Right now, I'm attempting to take certain columns from files, and to name the columns the names of those files. I've done it before, and I know it's not too difficult, but I am running into a lot of trouble. MY code is as follows (allfiles is declared earlier in the code as all of the files in that directory)

    makelist<-function(list_text){
  if (list_text == "squared_median " || list_text == "squared_median_ranked"
      || list_text == "value_median " || list_text == "value_median_ranked")
    metric = "median"
  else
    metric = "avg"
  currfiles=allfiles[grepl(list_text,allfiles)]
  currfile=currfiles[1]
  currtable=read.table(currfile, header=T, sep='\t',stringsAsFactors = F)
  a<-cbind(gene=currtable[,1],paste0(currfile)=currtable[,metric])
  #col.name(a[,ncol(a)])<-currfile
  #names(a)[ncol(a)]<-as.character(currfile)
  for(currfile in currfiles[2:length(currfiles)])
  {
    currtable=read.table(currfile, header=T, sep='\t', stringsAsFactors=F)
    if (length(currtable[,metric]) > length(a[,1]))
     apply(a,2, function(x) length(x) = length(currtable[,metric]))

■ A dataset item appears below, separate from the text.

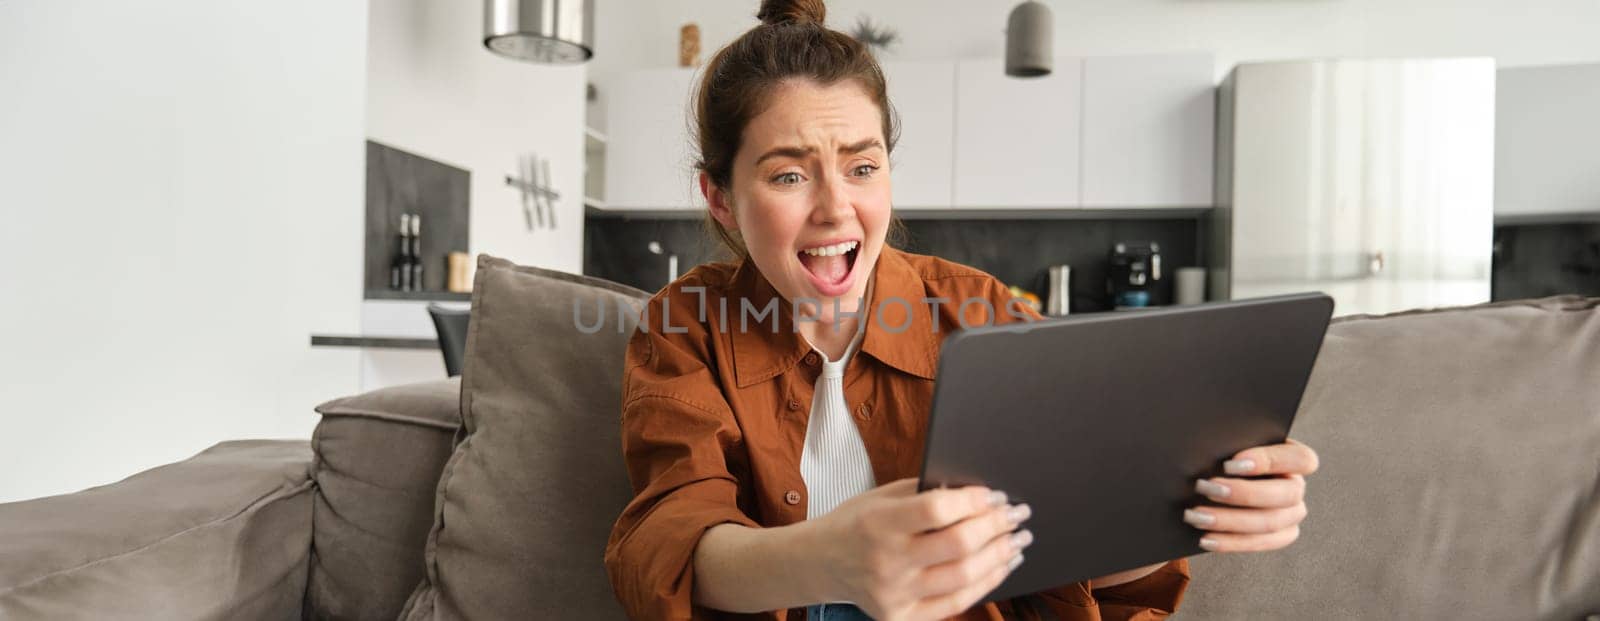 Portrait of woman looking at digital tablet with worried, stressed and upset face, losing in video game, sitting at home on couch.
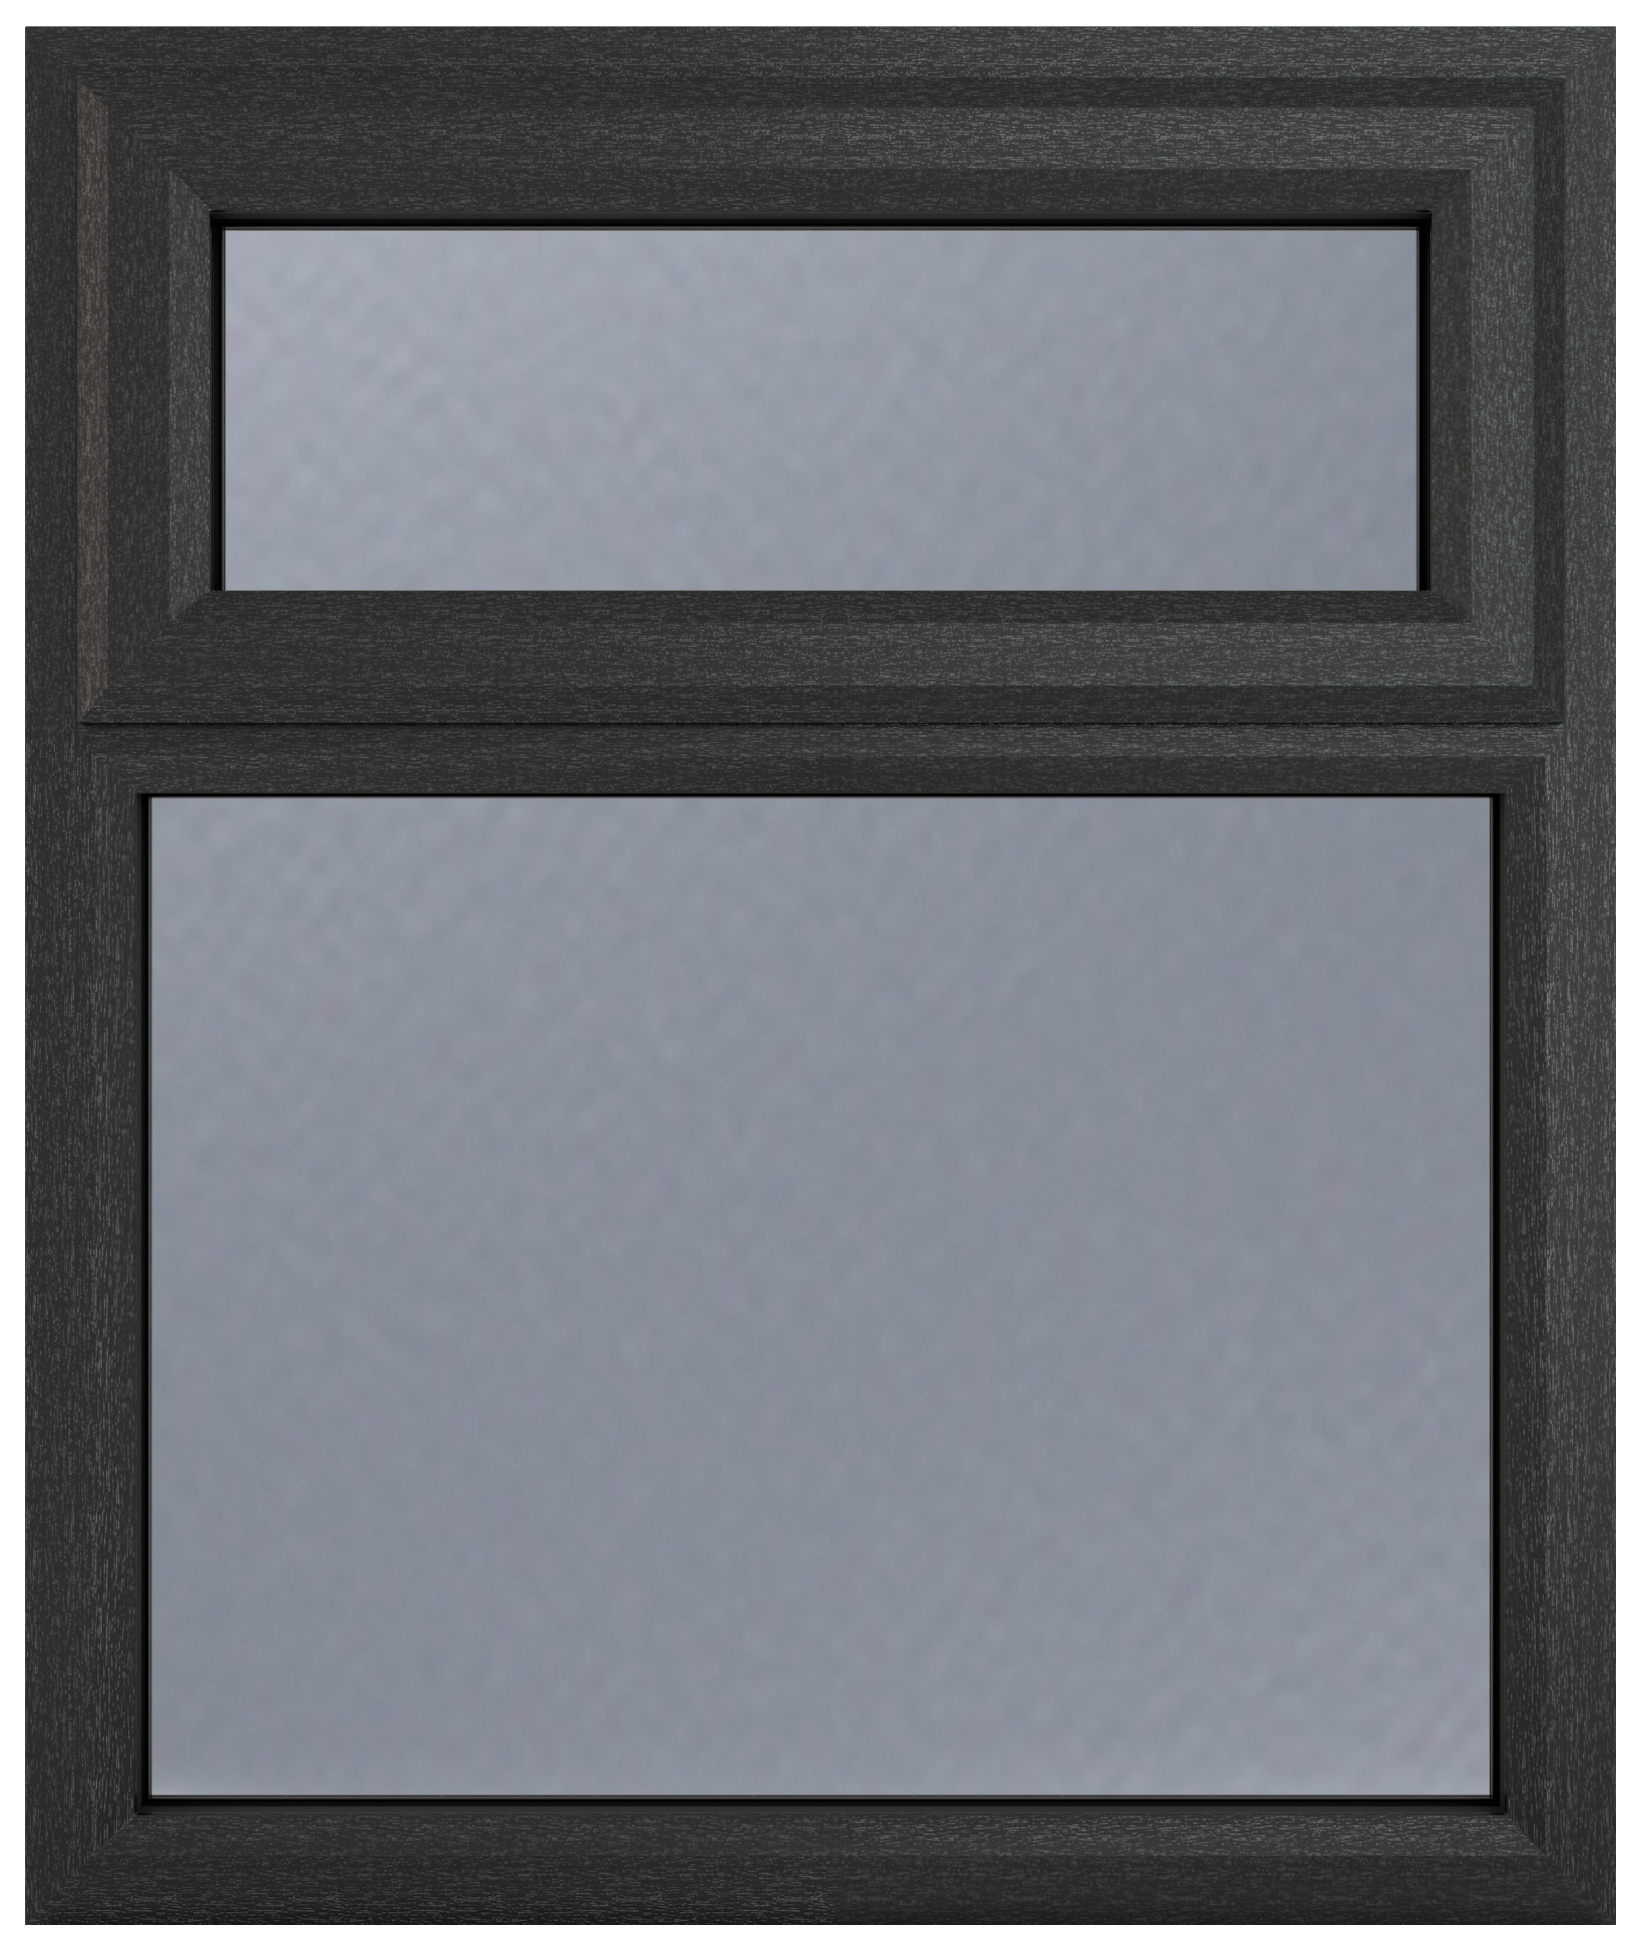 Crystal uPVC Grey Top Hung Opener Obscure Double Glazed Fixed Light Window - 1190 x 1115mm

    a=cbind(a, "gene"=currtable[,1],currfile=currtable[,metric])
    #names(a)[ncol(a)]<-paste(currfile)
  }
  #names(a)=c("gene", currfiles[1], "gene", currfiles[2],"gene", currfiles[3],"gene", currfiles[4])
  write.table(a, paste(output_folder, list_text,".txt"),sep='\t',quote=F,row.names=F)
}

Essentially, I'm passing in a string that is used to gather certain files from a directory. From, there the code grabs the median or average column from that file, and names the column the file from which it got that information. I've tried loads of different ways with no success. The commented ways are ways that did not work -- either they left the column name blank, or named it the literal variable name "currfile" as opposed to the file name which it contains. I've gone as far as individually renaming all of the columns with 

names(a)=c("gene", currfiles[1], "gene", currfiles[2]...currfiles[n])

And that just names every other column currfiles.

Can you help me identify what's wrong? I've tried setting the name as get(currfile) too and that won't let me run the script.

These lines

#col.name(a[,ncol(a)])<-currfile
#names(a)[ncol(a)]<-as.character(currfile)

Have left me with blank column names.

** as an aside the lines with the if statement concerning length are supposed to extend the length of each column to the latest longest column, but doesn't seem to be working. That could be something else I'll read up about a bit more.

Thanks for your help, Mike

12345mike
  • 11
  • 2

1 Answers1

0

To set column names of a table, you use colnames(table) (ref).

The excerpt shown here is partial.